Step 1: Calculate the mass of the solution
Mass of solution = mass of water + mass of glycerol
Given:
Mass of water = 425 grams
Step 2: Calculate the mass of glycerol
Let's assume the mass of glycerol is x grams.
Mass of glycerol + Mass of water = Mass of solution
x grams + 425 grams = Mass of solution
Step 3: Calculate the mole fraction of glycerol
The mole fraction of glycerol (Xglycerol) is defined as the moles of glycerol divided by the total moles of the solution.
Xglycerol = moles of glycerol / (moles of water + moles of glycerol)
The mole fraction of glycerol is given as 0.093, so:
0.093 = moles of glycerol / (moles of water + moles of glycerol)
Since the mole fraction is defined as the ratio of moles, we can write:
0.093 = moles of glycerol / (moles of water / molar mass of water + moles of glycerol / molar mass of glycerol)
Step 4: Calculate the molar mass of water and glycerol
Molar mass of water = 18 g/mol
Molar mass of glycerol = 92 g/mol
Step 5: Calculate the moles of water and glycerol
moles of water = mass of water / molar mass of water
moles of glycerol = mass of glycerol / molar mass of glycerol
Substituting the values into the equation from step 3, we have:
0.093 = moles of glycerol / (moles of water / 18 + moles of glycerol / 92)
Step 6: Solve for moles of glycerol
Multiply both sides of the equation by the denominator to get:
0.093 * (moles of water / 18 + moles of glycerol / 92) = moles of glycerol
0.093 * (425 g / 18 + moles of glycerol / 92) = moles of glycerol
Step 7: Solve for moles of glycerol
Now we can solve for moles of glycerol:
0.093 * (425 / 18 + moles of glycerol / 92) = moles of glycerol
Multiply both sides of the equation by 92 to eliminate the denominator:
0.093 * (425 / 18 * 92) + 0.093 * moles of glycerol = moles of glycerol
0.093 * (425 * 5.111) + 0.093 * moles of glycerol = moles of glycerol
214.44 + 0.093 * moles of glycerol = moles of glycerol
Rearrange the equation to isolate the moles of glycerol:
0.093 * moles of glycerol - moles of glycerol = -214.44
(0.093 - 1) * moles of glycerol = -214.44
-0.907 * moles of glycerol = -214.44
moles of glycerol = -214.44 / -0.907
moles of glycerol = 236.501
Step 8: Calculate the mass of glycerol
mass of glycerol = moles of glycerol * molar mass of glycerol
mass of glycerol = 236.501 * 92
mass of glycerol ≈ 21707.692 grams (rounding to four decimal places)
Therefore, you need approximately 21707.692 grams of glycerol to combine with 425 grams of water to make the solution.
Now, let's calculate the molality of the solution.
Molality is defined as the moles of solute per kilogram of solvent.
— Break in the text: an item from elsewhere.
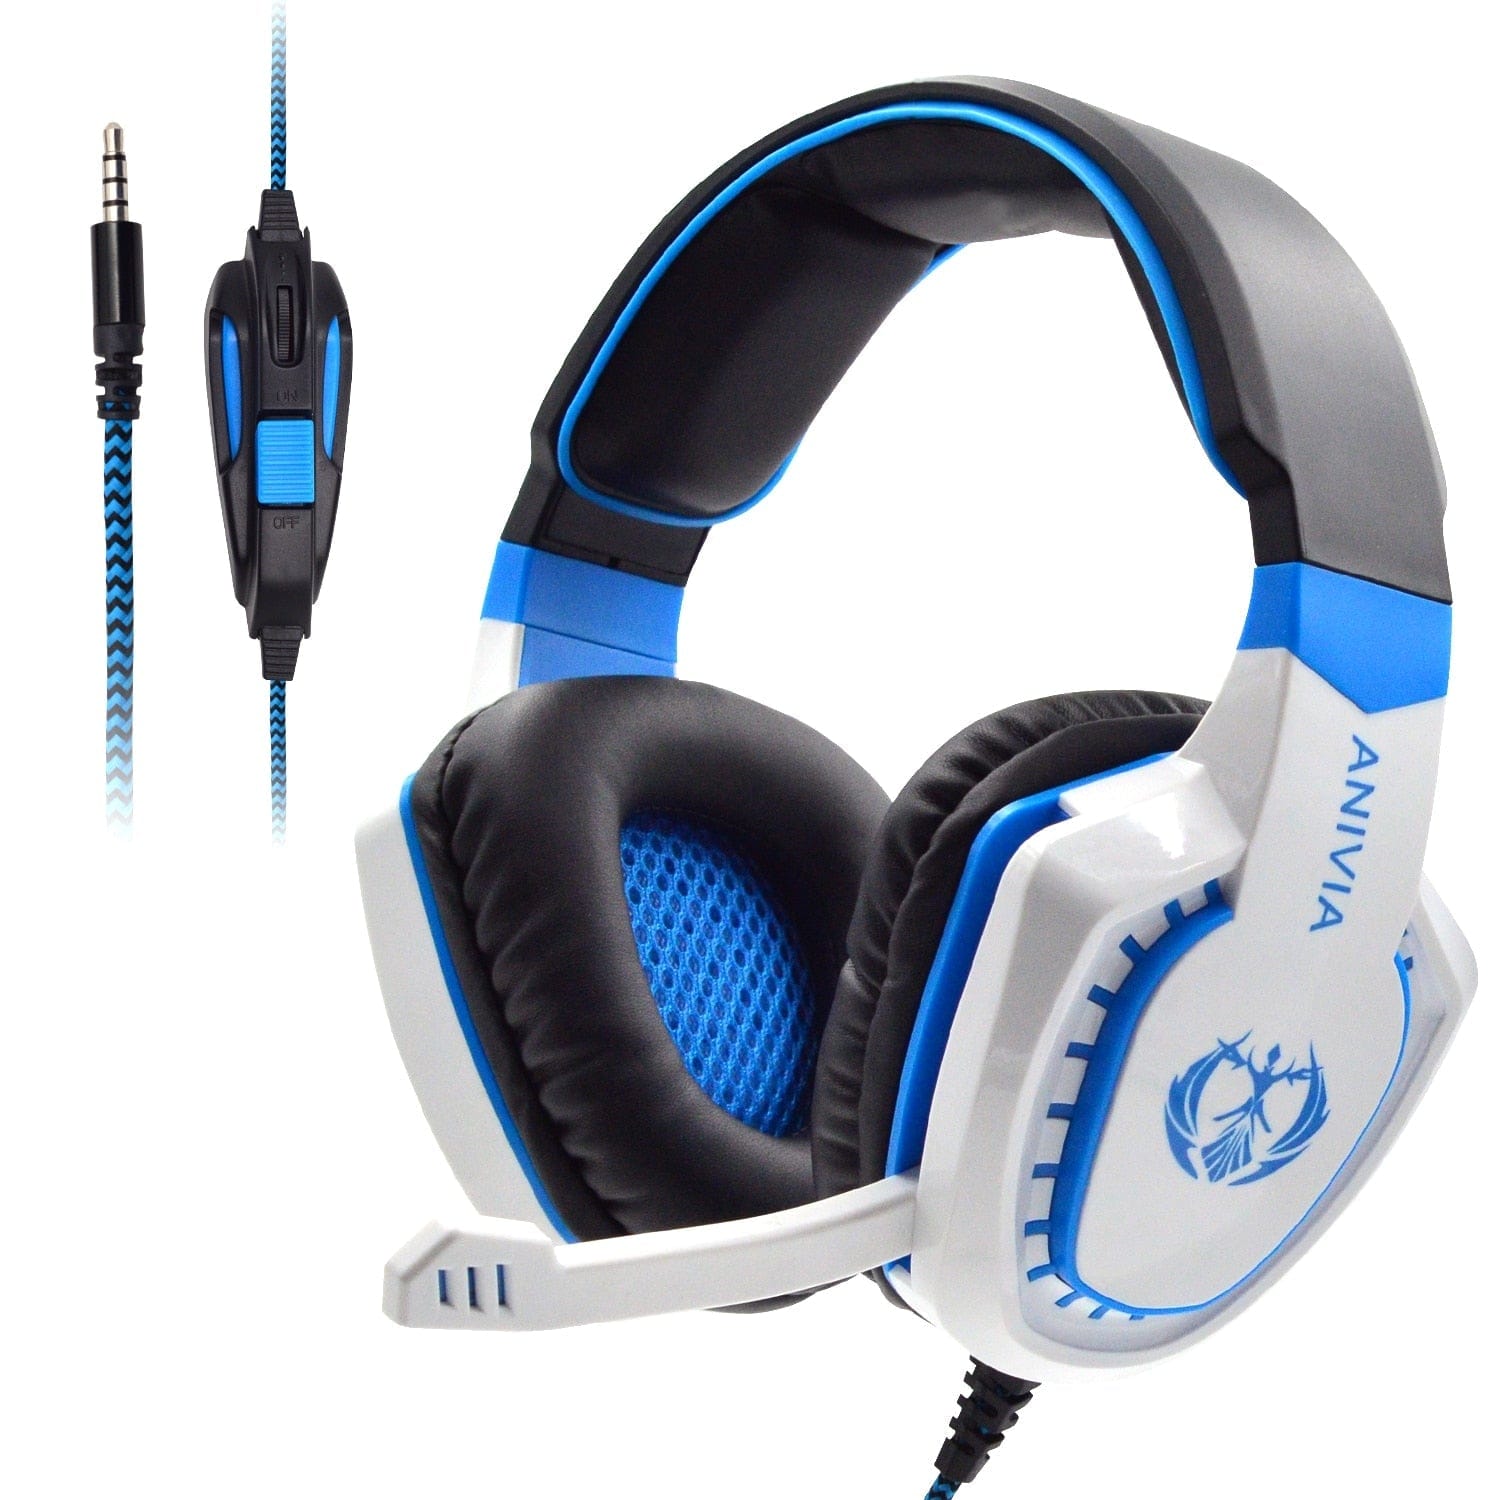 ÆLECTRONIX White & Blue Gaming Headset

In this case, the solvent is water.
Step 1: Convert the mass of water to kilograms
Mass of water = 425 grams
Mass of water in kilograms = 425 grams / 1000 = 0.425 kg
Step 2: Calculate the molality of the solution
Molality (m) = moles of glycerol / mass of water in kilograms
Molality = moles of glycerol / 0.425 kg
Molality = 236.501 / 0.425
Molality ≈ 556.474 mol/kg (rounded to three decimal places)
Therefore, the molality of the solution is approximately 556.474 mol/kg.